A prisoner in New Jersey makes, on average, $1.20 for eight hours of work, or about $28 a month. Those incarcerated in for-profit prisons earn as little as 17 cents an hour. Over a similar period, phone and commissary corporations have increased fees and charges often by more than 100 percent.
JPay is a corporation that deals in privatized money transfers to prisoners. It controls money transfers for about 70 percent of the prison population. The company charges families that put money into prisoners’ accounts additional service fees of as much as 45 percent.
Corporations, which have turned mass incarceration into a huge revenue stream and which have unchecked political and economic power, have no intention of diminishing their profits. And in a system where money has replaced the vote, where corporate lobbyists write legislation and the laws, where chronic unemployment and underemployment, along with inadequate public transportation, sever people in marginal communities from jobs, and where the courts are a wholly owned subsidiary of the corporate state, this demands a sustained, nationwide revolt.

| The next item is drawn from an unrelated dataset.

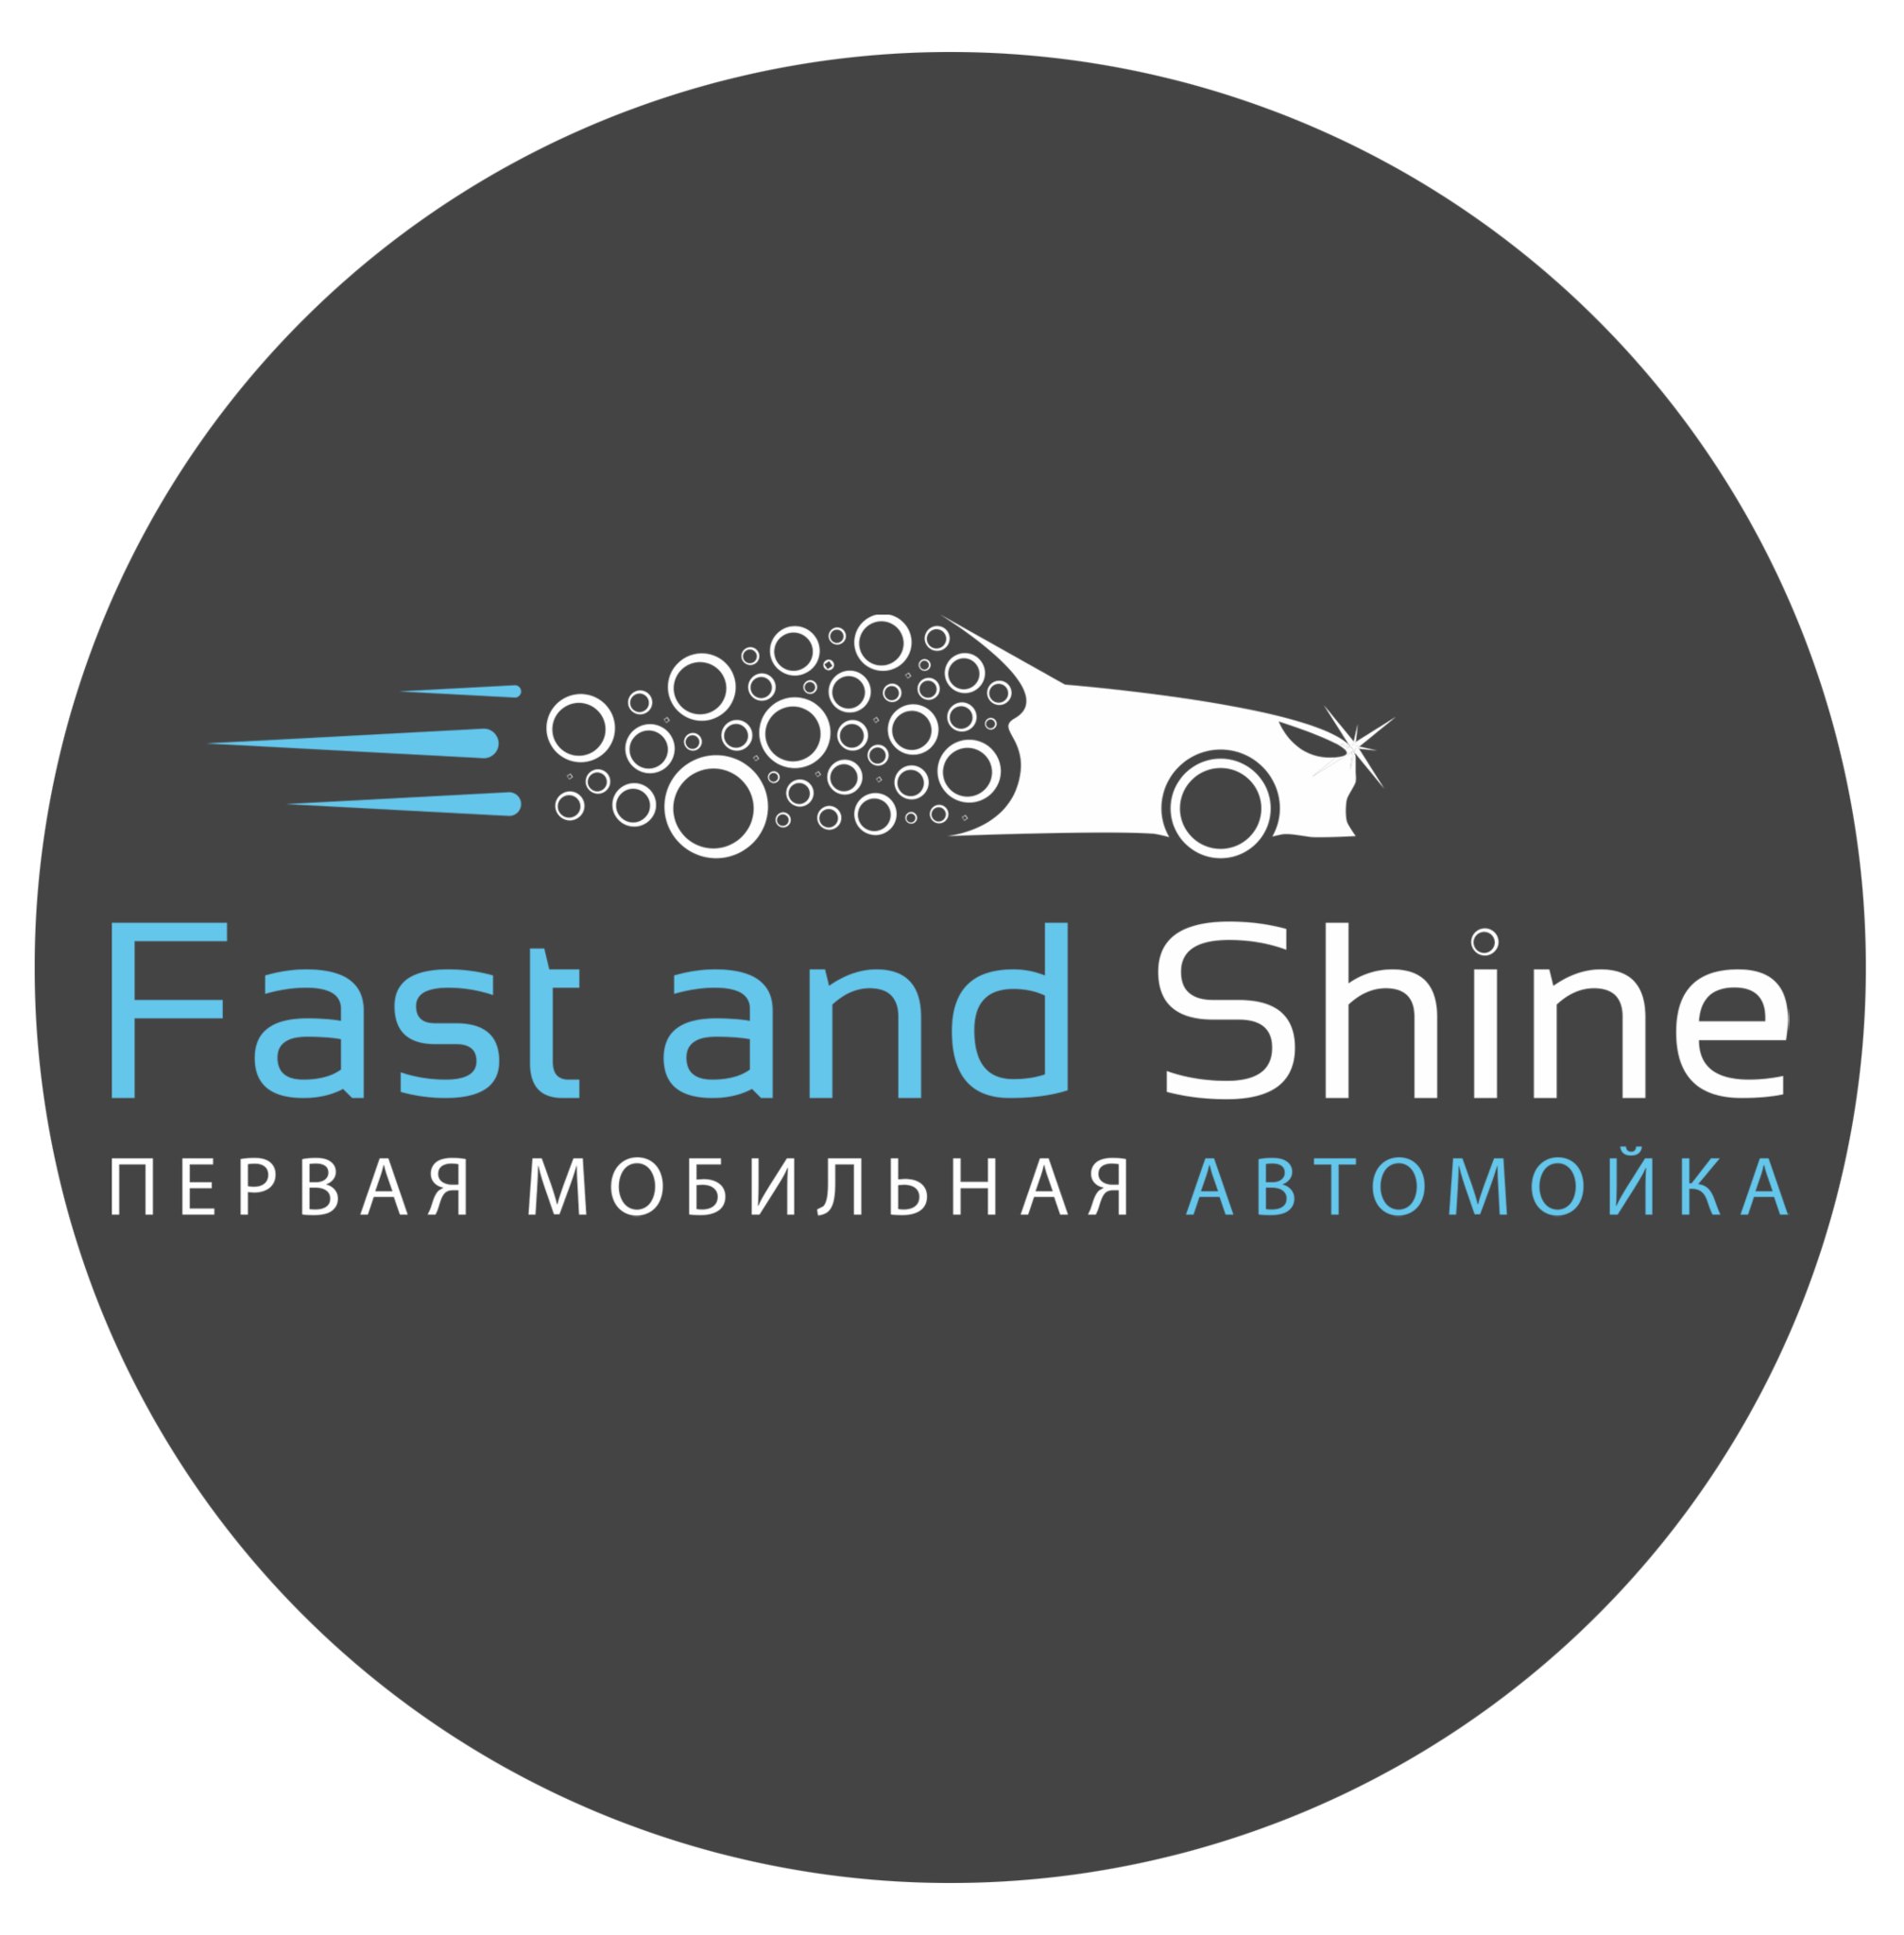 Продается Эксклюзивное право франшизы Fast and Shine в Беларуси

The corporate state seeks to reduce all workers at home and abroad to the status of prison labor. Workers are to be so heavily controlled that organizing unions or resistance will become impossible. Benefits, pensions, overtime are to be abolished. Workers who are not slavishly submissive to the will of corporate power will be dismissed. There will be no sick days or paid vacations. No one will be able to challenge unsafe and physically difficult working conditions. And wages will be suppressed to keep workers in poverty. This is the goal of corporate power. The 1 million prisoners employed at substandard wages by corporations inside prisons are, in the eyes of our corporate masters, the ideal workers. And those Americans who ignore the plight of prison labor and refuse to organize against it will increasingly find prison working conditions replicated outside prison walls.
And, as in the wider society, while members of a tiny, oligarchic corporate elite each are paid tens or even hundreds of millions of dollars annually, the workers who generate these profits live in misery.